The next evening at Toolik, we went
farther down the Dalton Highway. It was only Anna,
Don, and I who took the journey. She said that it
would only take an hour to get to the Brooks Range;
this was the same range that, on a clear day, you
could see all the way from Prudhoe Bay. On the entire
trip to Toolik, I could see them, clouded and fogged
in the distance. After an hour, we had reached the
ancient glacial passage. I, for the first time in my
life, saw the snow covered mountains and the verdant
valleys filled with the same tundra that I had seen
the day before. The only reaction I could have was
amazement; the whole scene was breathtaking,
gorgeous. The mountains were so smooth from afar,
that it seemed like hot magma had poured on their
slopes and hardened there without erosion every
touching it. When we reached Atigun Pass, we could
just reach out and grab the mountains. The rocks were
red and the slopes were no longer smooth as they had
been before. The truck climbed the road that was
tucked into the side of the mountain, and from that
elevation, we could see the valley, complete with
blue-green waterfalls, below us. As we reached the
top of the pass, it began to sleet, a phenomenon that
was new to me. We then descended the other side of
the pass and turned around. When we reached the top
of the pass, it began to snow. We stopped the car and
Anna and I got out.
When my warm fingers reached out to touch the snow, it disappeared quickly in my hand, leaving only the clear water that it had originated from. I have read about snow and I have seen snow in movies, but the experience of snow was something that I just enjoyed. It is hard to describe my emotions, but when you see something that is simple in form it is like a connection to your past. I felt that I could melt out there with the snow and live in that state of bliss forever.

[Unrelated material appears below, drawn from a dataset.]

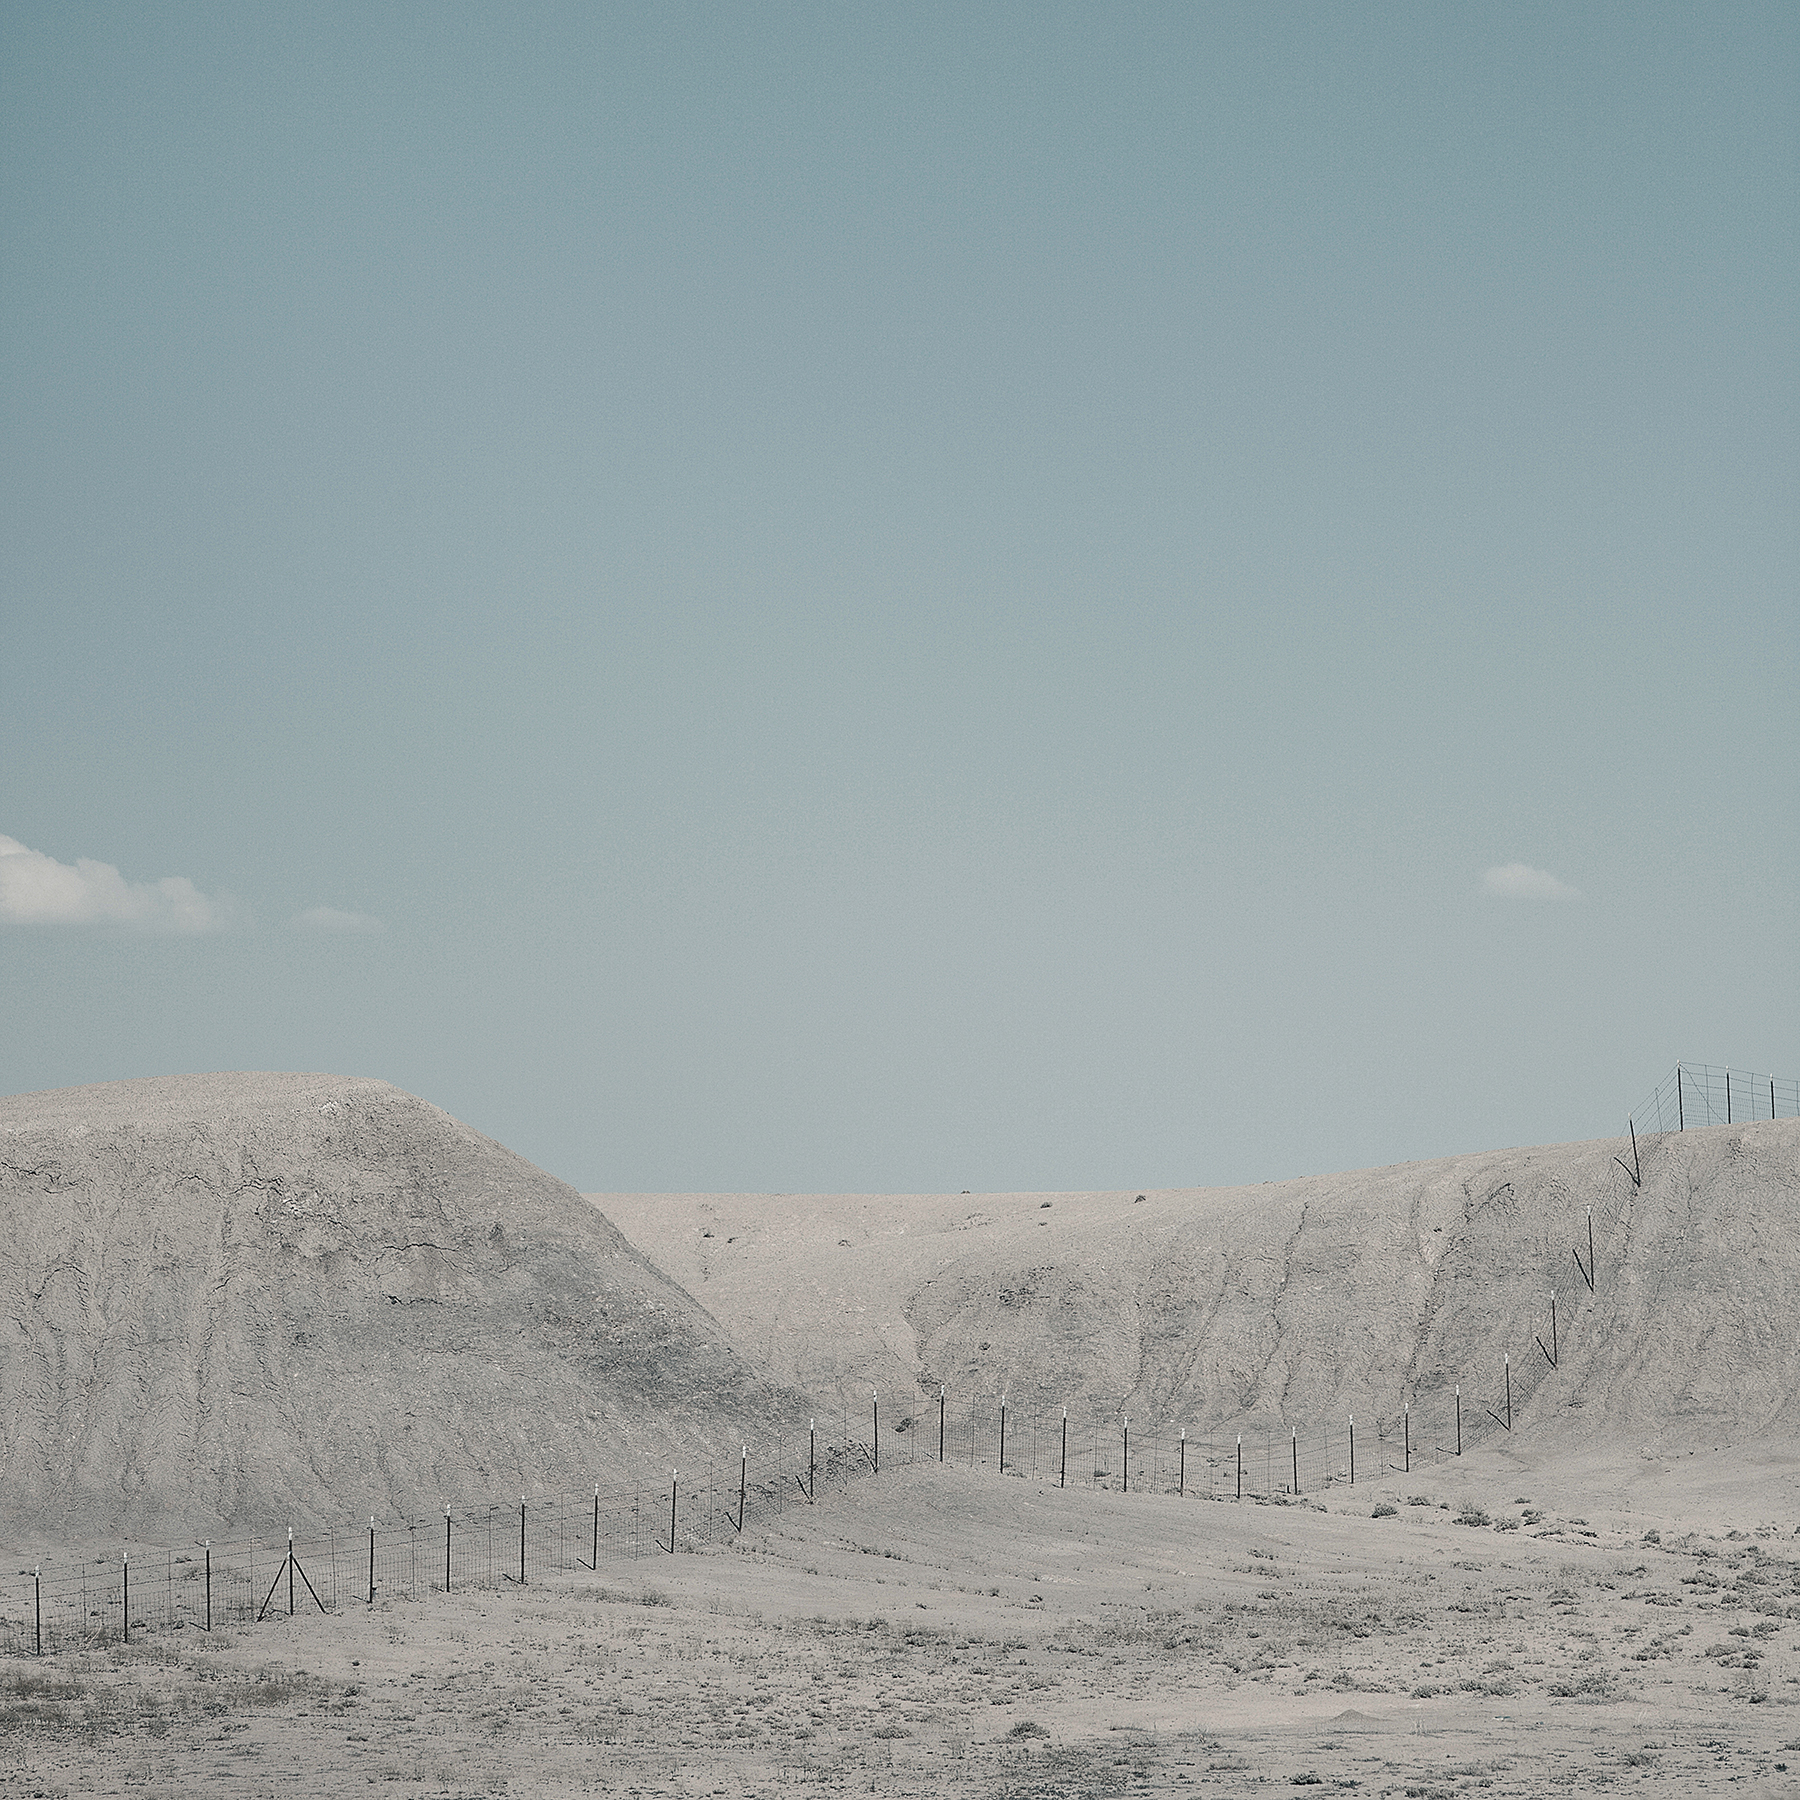 © duston todd_fine art_desert_landscape_fence_minimalism.jpg

The next day, we woke up to the welcoming snow covered ground. We did the probing of the active-layer out in that snow covered ground. We trudged through the thin layers of snow, and we worked. Is this heaven, I thought to myself. No, this is what I want to do: I want to wake up to the snow covered ground and do research cuddled between that soft snow below your feet and the white clouded sky above your head. It was this gift that ARCUS and TEA have given to me, a gift that I shall not soon forget.
Anna, Don, Dr. Nelson, Sam, and
everyone else has left a mark on my character. If
only I could strive to be as committed as Dr. Nelson,
or as honest and caring as Anna, or as brilliant as
Don, or as wise as Sam, then, I very well think, I
will suffer from multiple personalities, but I will
be happy.
When I arrived home, I was very disappointed. The nature that I had woken up to was covered with regularly planted trees, not the random assortment that nature gives rise to. The nature I woke up to was filled with cars and traffic, worries and problems. I still have memories, however, of the incredible lakes and caribou trotting just in the distance. I still dream that I'm in that land, wandering... wondering.